• [The problem]
Locate each line below that includes "scale" and reproduce it.

** Opening Dataset block **

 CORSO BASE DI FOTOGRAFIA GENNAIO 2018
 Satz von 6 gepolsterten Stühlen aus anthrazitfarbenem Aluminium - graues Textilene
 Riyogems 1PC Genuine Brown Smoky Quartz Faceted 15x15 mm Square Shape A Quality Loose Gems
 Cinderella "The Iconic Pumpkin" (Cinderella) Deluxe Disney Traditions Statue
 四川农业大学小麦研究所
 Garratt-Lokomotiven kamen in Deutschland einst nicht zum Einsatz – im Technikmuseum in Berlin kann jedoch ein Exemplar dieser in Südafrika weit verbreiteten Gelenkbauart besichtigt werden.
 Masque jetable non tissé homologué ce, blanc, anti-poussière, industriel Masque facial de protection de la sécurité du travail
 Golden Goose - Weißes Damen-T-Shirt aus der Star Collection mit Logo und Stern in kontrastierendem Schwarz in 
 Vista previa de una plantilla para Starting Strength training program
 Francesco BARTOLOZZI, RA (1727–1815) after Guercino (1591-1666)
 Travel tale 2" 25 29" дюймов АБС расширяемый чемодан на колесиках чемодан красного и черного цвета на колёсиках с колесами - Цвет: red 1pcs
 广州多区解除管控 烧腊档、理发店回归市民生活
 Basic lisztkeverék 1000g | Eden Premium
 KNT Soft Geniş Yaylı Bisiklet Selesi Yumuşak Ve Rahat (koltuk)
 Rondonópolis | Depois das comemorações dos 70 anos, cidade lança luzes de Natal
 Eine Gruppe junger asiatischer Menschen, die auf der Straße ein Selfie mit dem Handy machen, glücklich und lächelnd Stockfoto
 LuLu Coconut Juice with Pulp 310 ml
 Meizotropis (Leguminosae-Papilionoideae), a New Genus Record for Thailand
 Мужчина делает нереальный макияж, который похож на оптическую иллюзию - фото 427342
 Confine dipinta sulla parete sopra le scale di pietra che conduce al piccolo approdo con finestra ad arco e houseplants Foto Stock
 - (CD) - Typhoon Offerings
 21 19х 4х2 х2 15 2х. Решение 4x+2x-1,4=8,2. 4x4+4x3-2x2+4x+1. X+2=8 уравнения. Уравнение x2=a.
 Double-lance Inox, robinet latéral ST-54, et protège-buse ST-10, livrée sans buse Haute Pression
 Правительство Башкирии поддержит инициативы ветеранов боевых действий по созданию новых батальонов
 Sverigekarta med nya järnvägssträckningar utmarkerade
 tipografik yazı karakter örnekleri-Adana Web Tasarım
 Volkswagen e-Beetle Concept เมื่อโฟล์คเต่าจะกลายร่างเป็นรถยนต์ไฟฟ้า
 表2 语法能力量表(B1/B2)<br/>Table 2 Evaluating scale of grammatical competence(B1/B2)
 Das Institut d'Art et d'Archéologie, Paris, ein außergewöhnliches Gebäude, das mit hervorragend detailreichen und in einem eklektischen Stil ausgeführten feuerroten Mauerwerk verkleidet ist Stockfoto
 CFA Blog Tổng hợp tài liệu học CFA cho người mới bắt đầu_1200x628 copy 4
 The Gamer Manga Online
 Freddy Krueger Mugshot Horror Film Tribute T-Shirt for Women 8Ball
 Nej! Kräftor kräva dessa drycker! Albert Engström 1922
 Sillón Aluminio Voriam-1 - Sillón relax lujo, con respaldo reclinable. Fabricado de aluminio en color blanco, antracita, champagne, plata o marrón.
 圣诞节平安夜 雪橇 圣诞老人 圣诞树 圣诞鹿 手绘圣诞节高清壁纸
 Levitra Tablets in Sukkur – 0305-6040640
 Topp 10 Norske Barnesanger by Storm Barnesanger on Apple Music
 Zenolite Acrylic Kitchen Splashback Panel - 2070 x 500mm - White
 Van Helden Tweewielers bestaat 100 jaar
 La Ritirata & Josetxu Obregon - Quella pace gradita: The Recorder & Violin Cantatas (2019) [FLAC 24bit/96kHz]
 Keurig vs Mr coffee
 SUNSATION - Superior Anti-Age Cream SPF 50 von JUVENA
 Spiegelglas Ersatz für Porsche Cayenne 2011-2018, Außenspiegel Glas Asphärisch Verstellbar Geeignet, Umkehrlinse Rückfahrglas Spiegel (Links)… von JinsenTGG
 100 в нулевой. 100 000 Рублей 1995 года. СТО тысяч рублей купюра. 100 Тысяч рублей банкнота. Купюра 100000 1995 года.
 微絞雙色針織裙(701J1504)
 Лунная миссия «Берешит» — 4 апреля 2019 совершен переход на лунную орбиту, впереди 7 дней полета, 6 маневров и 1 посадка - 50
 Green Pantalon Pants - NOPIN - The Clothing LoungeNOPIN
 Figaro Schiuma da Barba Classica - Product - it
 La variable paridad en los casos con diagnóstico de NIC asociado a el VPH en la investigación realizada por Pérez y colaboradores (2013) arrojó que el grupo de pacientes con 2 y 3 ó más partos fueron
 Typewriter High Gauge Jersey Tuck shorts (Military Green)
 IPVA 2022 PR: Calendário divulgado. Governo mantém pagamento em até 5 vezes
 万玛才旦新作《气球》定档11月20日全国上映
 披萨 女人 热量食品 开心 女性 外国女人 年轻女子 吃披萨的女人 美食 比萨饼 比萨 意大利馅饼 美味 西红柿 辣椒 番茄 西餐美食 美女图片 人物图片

** Closing Dataset block **

• [Finished task]
 Confine dipinta sulla parete sopra le scale di pietra che conduce al piccolo approdo con finestra ad arco e houseplants Foto Stock
 表2 语法能力量表(B1/B2)<br/>Table 2 Evaluating scale of grammatical competence(B1/B2)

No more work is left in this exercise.